● DATASET EXCERPT:

* * *

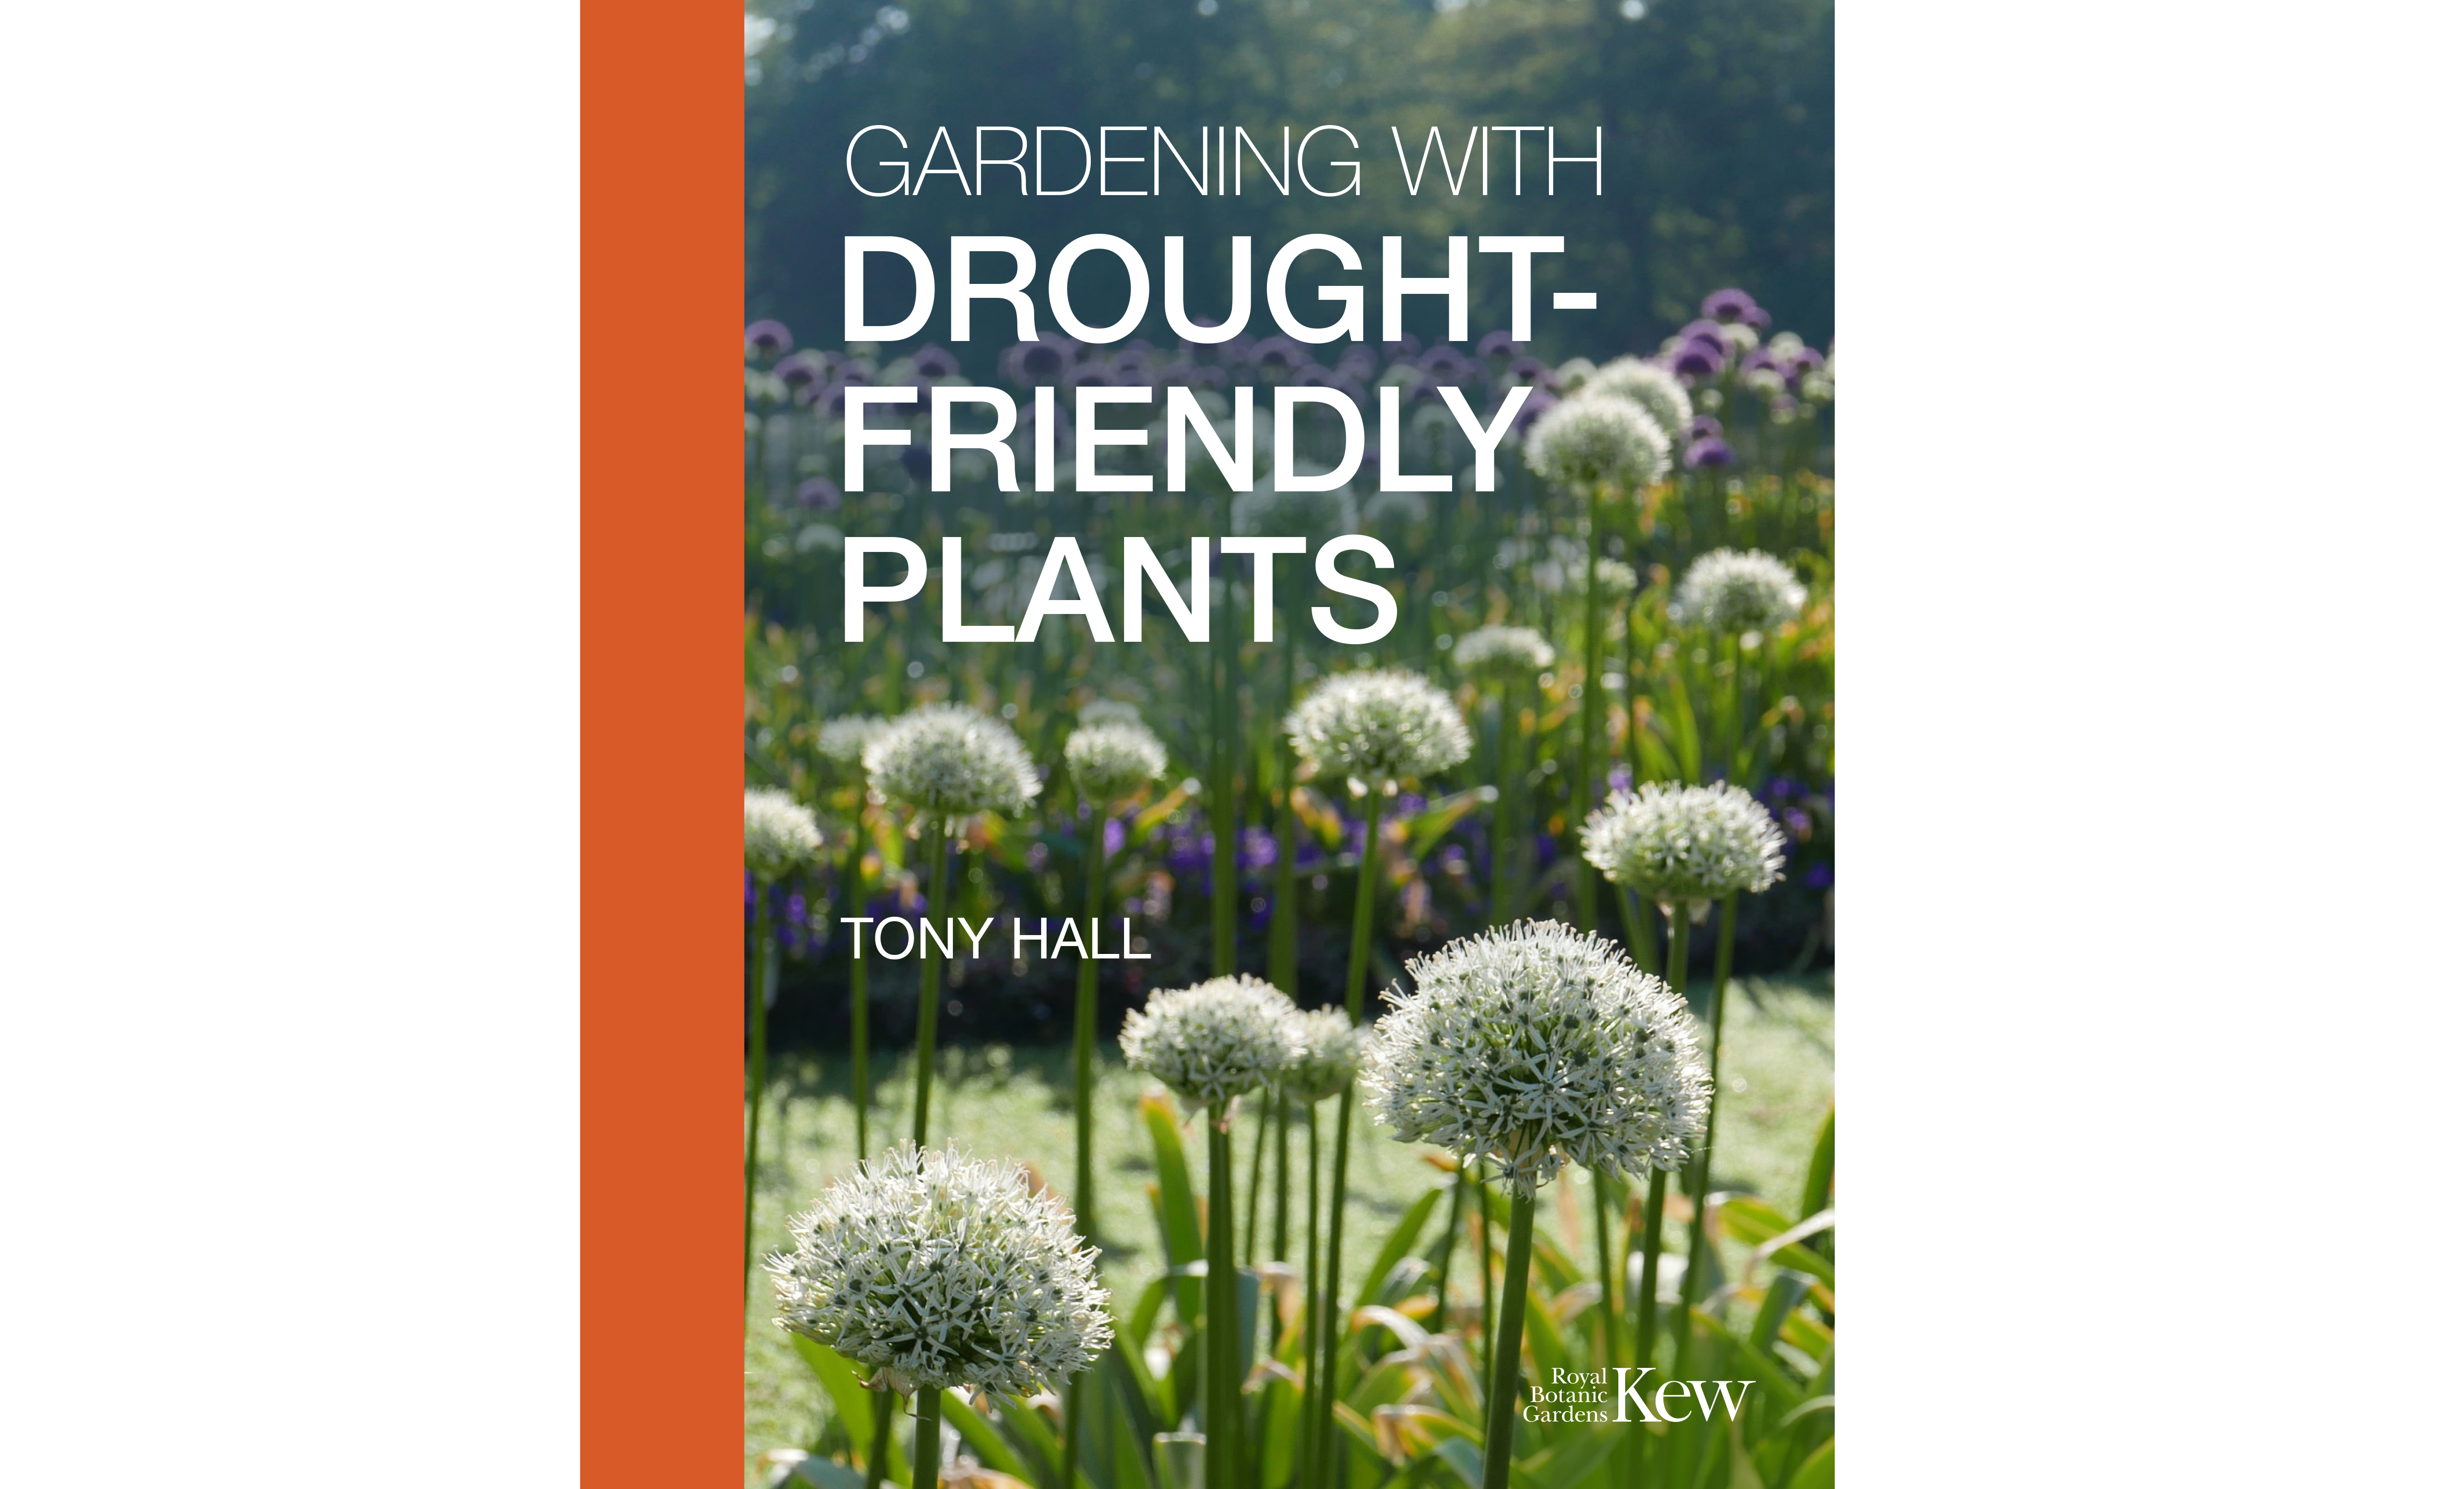 Book jacket of Gardening With Drought-Friendly Plants by Tony Hall (Kew Publishing/PA.)
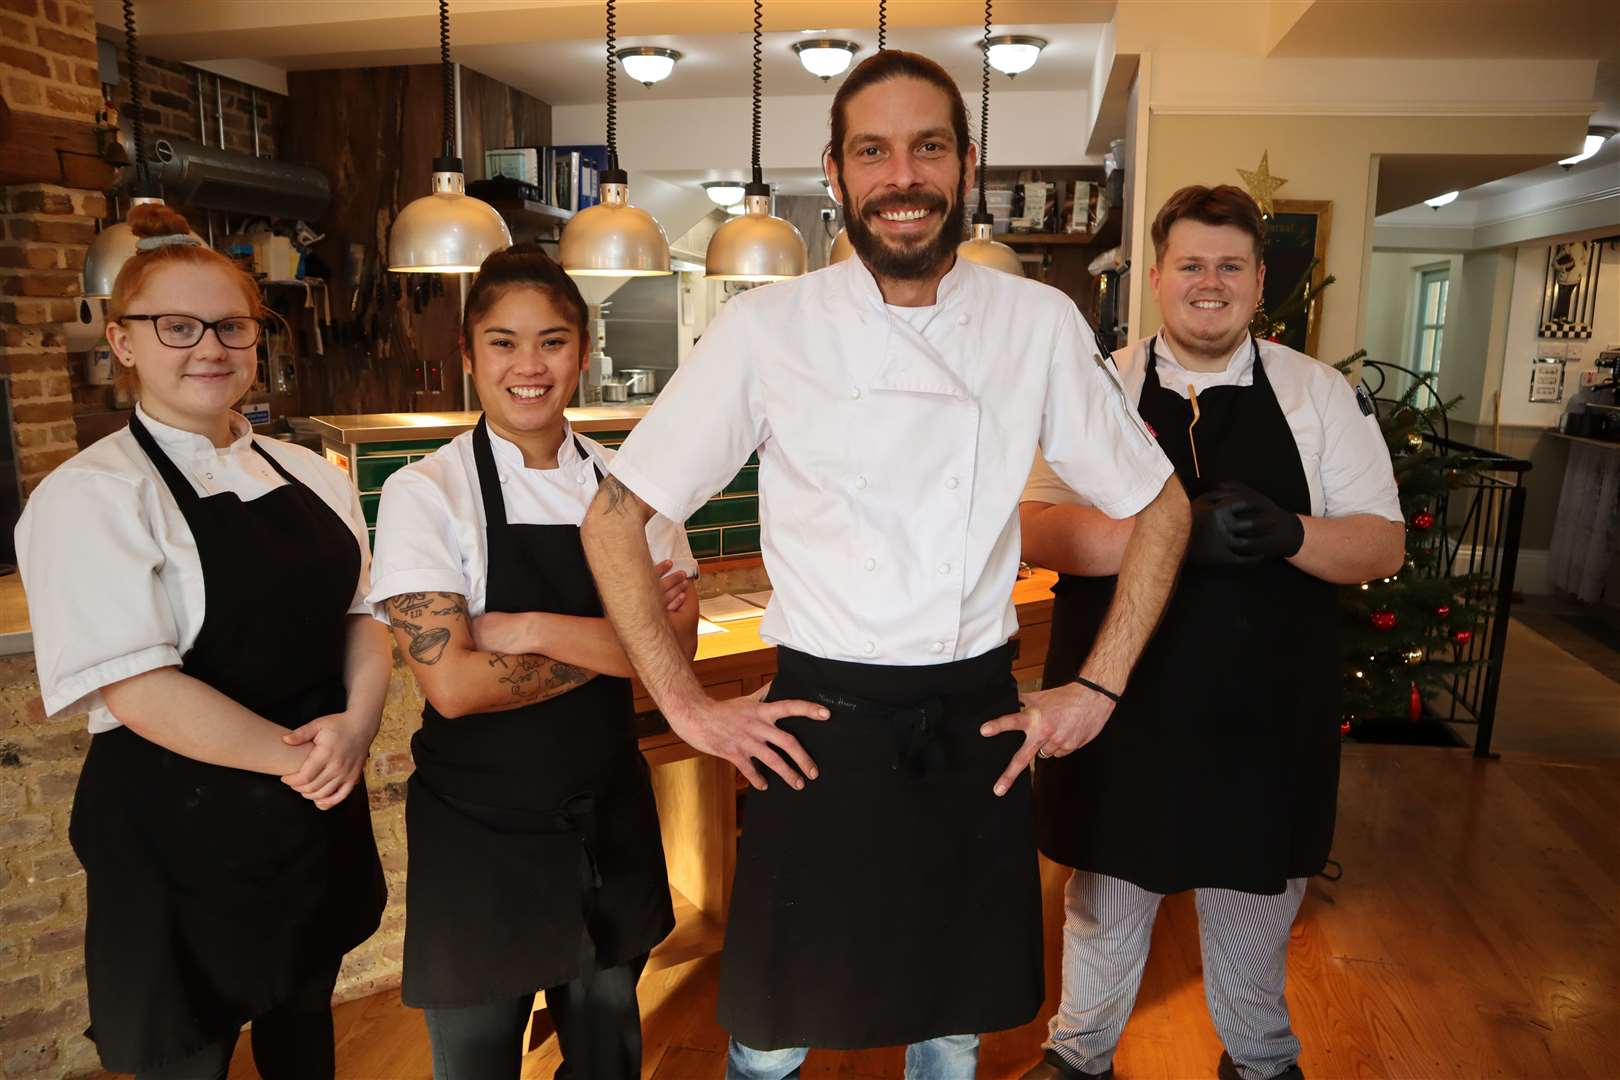 Head chef Bernard Johnson and his team, from the left, Gee, Blake Verlin and Ashleigh Hutchison, at Banks Restaurant in Minster on Sheppey. It was formerly the Prince of Waterloo pub
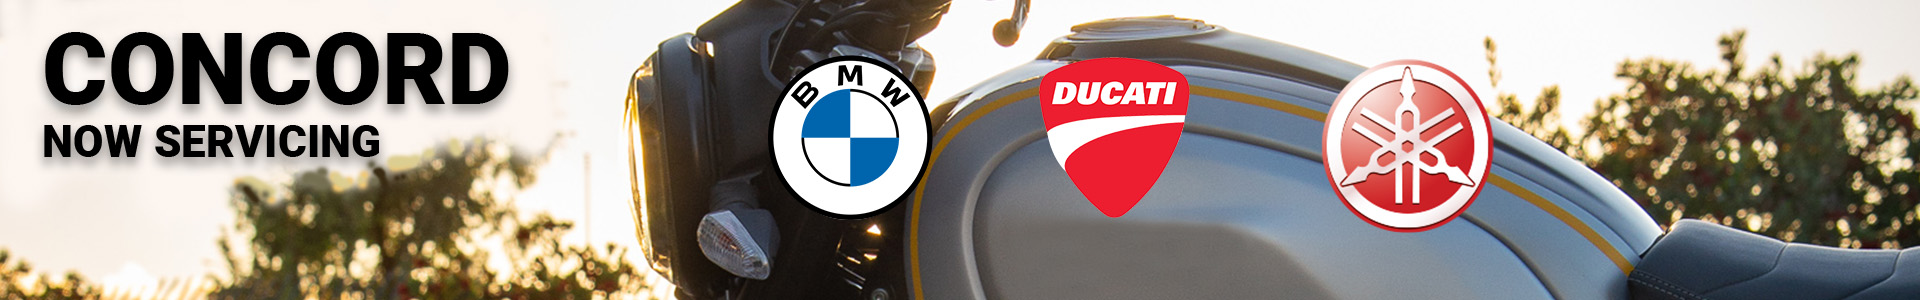 SoSo Cycles - Concord's service department is your go to for BMW, Ducati and Yamaha service
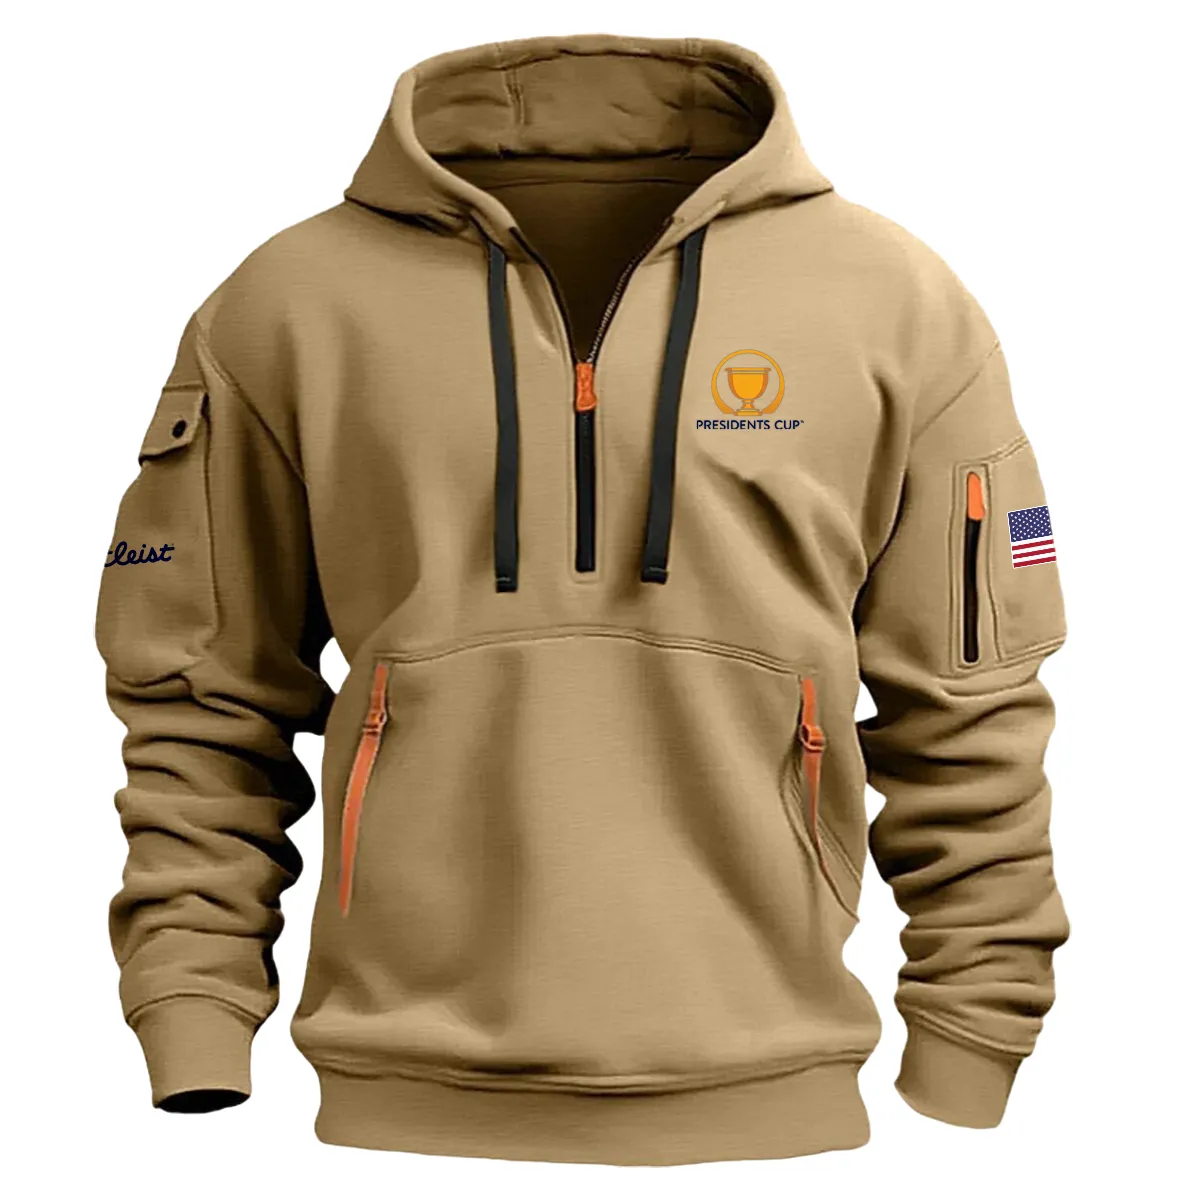 Khaki Color Titleist Fashion Hoodie Half Zipper Presidents Cup Gift For Fans

* * *

● WHAT YOU NEED TO DO: Pictures are to be omitted. Output verbatim only the lines from the one holding "Head chef Bernard" through the end of the material, both included.

● RESPONSE FOR THIS EXERCISE:
 Head chef Bernard Johnson and his team, from the left, Gee, Blake Verlin and Ashleigh Hutchison, at Banks Restaurant in Minster on Sheppey. It was formerly the Prince of Waterloo pub
 SoSo Cycles - Concord's service department is your go to for BMW, Ducati and Yamaha service
 Khaki Color Titleist Fashion Hoodie Half Zipper Presidents Cup Gift For Fans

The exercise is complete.